Diplomatik Başarı Sabote Edilmek Üzere
İran’ın Brezilya ve Türkiye’nin diplomatik girişimleriyle zenginleştirilmiş uranyumun takas edilmek üzere Türkiye’ye gönderilmesi anlaşması başta İsrail olmak üzere ABD ve bazı batılı ülkeleri tatmin etmedi.
Başbakan Recep Tayyip ERDOĞAN’ın İsrail’in tepesini attıracak şekilde defaatle dile getirdiği gibi Ortadoğu’yu kan gölüne çevirecek kadar tehlikeli silahlara sahip olan İsrail varken İran ile uğraşmak çifte standardın ötesinde bir şeydir. Çünkü İsrail'in elinde elan mevcut silahlara İran henüz saip olmamıştır. İkiyüzlülük buradadr. Yıllardır batılı ülkelerin temin ettiği imkânlarla nükleer silahlanmasını ürkütücü hale getiren İsrail hiçbir engelle karşılaşmamıştır. Dediğimiz gibi bugün İran’ın nükleer silahlanmasına karşı çıkan ülkeler İsrail’i bu silahlara sahip olmak için çeşitli şekilde desteklemiştir.
Sebep;
Kendi ülkelerini tehdit etmediğini sandıkları için mi?
Yoksa bu silahları kendilerinin de yerine kullanacakları için mi?
Doğrusu hayret etmemek elde değil.
Peki durum bu aşamaya getirilirken batılı ülkeler neden takası yeterli görmemektedirler?

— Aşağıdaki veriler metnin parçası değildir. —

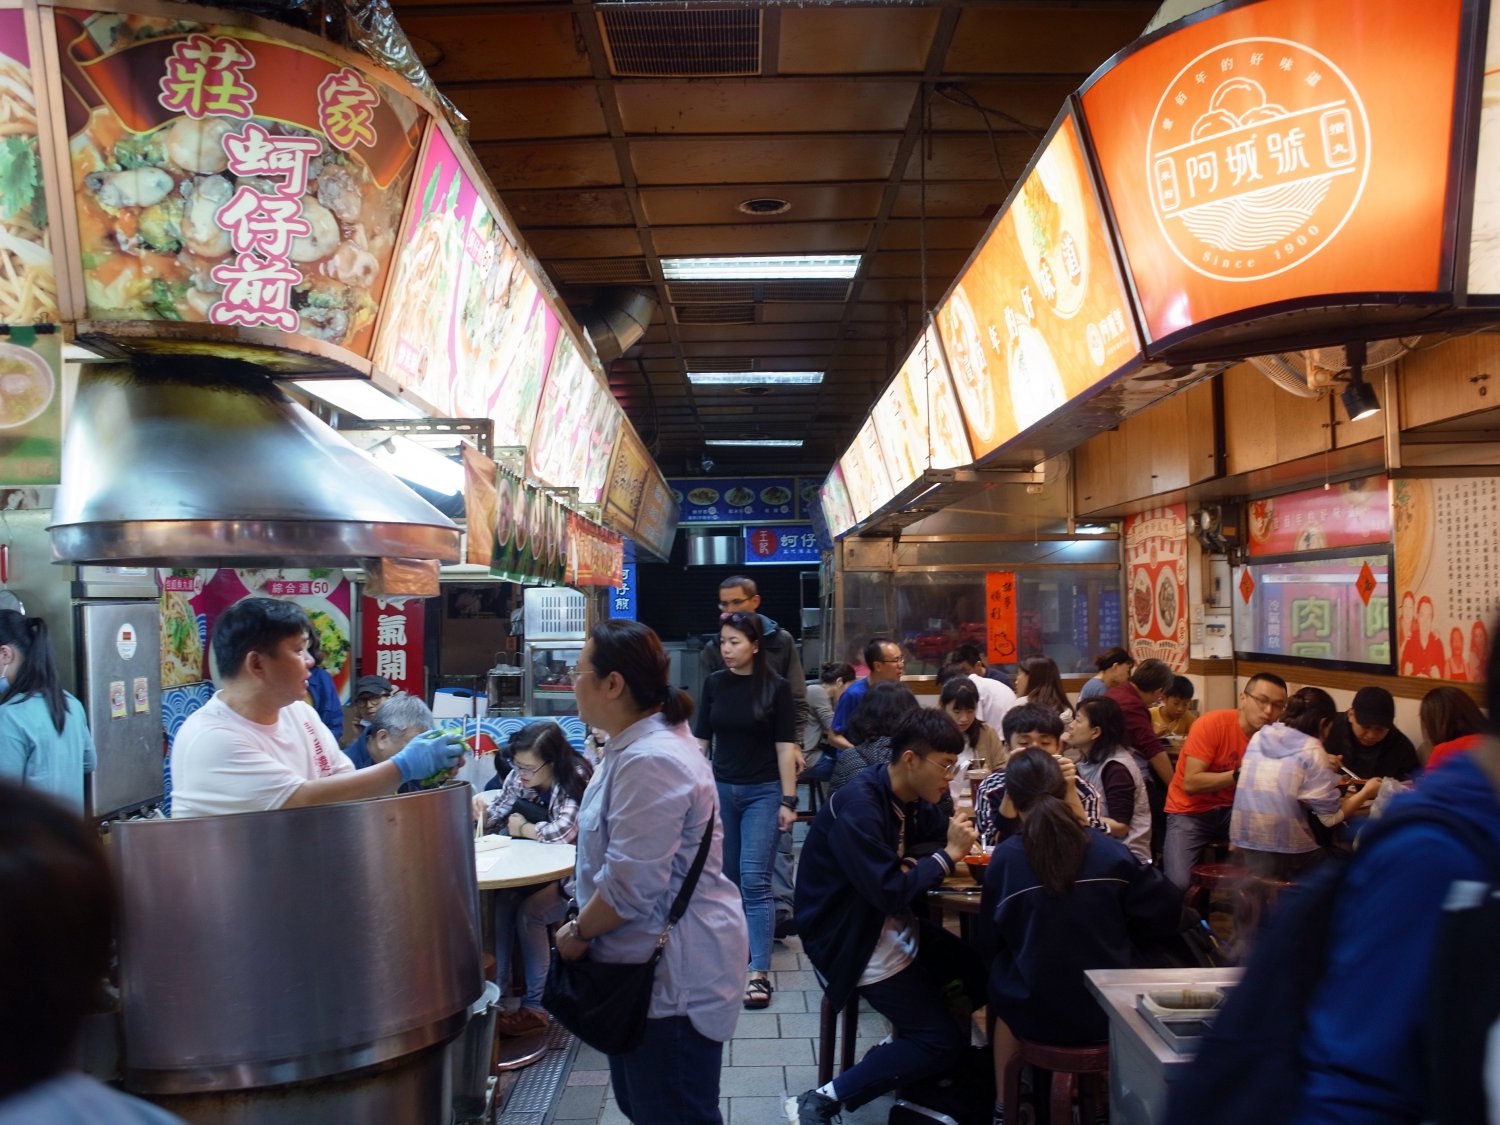 市場内には新竹名物のビーフンの店がずらりと並ぶ

Fransa bunu makul bir adım olarak değerlendirdi derken o da bunun yeterli olmadığını dile getirmeye başladı.
İsrail durumdan rahatsız olabilir. Pek çok konuda İsrail’in işine gelmemektedir. (Türkiye’nin başarılı bir arabuluculuk görevi onları çok rahatsız edecektir. Onlar Prestiji olmayan bir Türkiye’yi sevebilirler) Zira onun derdi ille de İran’ı vurmak ve savaş çıkartmak, savaşa batılı ülkeleri bulaştırmak ve bunun neticesinde de kendi konumunu daha da güçlendirmektir. İsrail ancak gergin bir Ortadoğu’da rahat edeceğini düşünüyor. Anlayışı gereği sürekli kan akacak ve bundan batının desteğini yanında görecek. Savaş tamtamlarının çalmadığı bir Ortadoğu sivil düşünecek, sivil düşünen halklar yönetime dâhil olma kıvamına gelecek ve bu da İsrail’in kukla rejimleri boyunduruğu altına almayı zorlaştıracaktır. O zaman Ortadoğu halkı onurlu yöneticileri seçme yoluna gidecekler. Bu şuura sahip ülke ve halklar İsrail’in asla böyle gamsız zulmetmelerine izin vermeyecektir. Böyle bir Ortadoğu’da İsrail bu kadar pervasız davranabilir mi?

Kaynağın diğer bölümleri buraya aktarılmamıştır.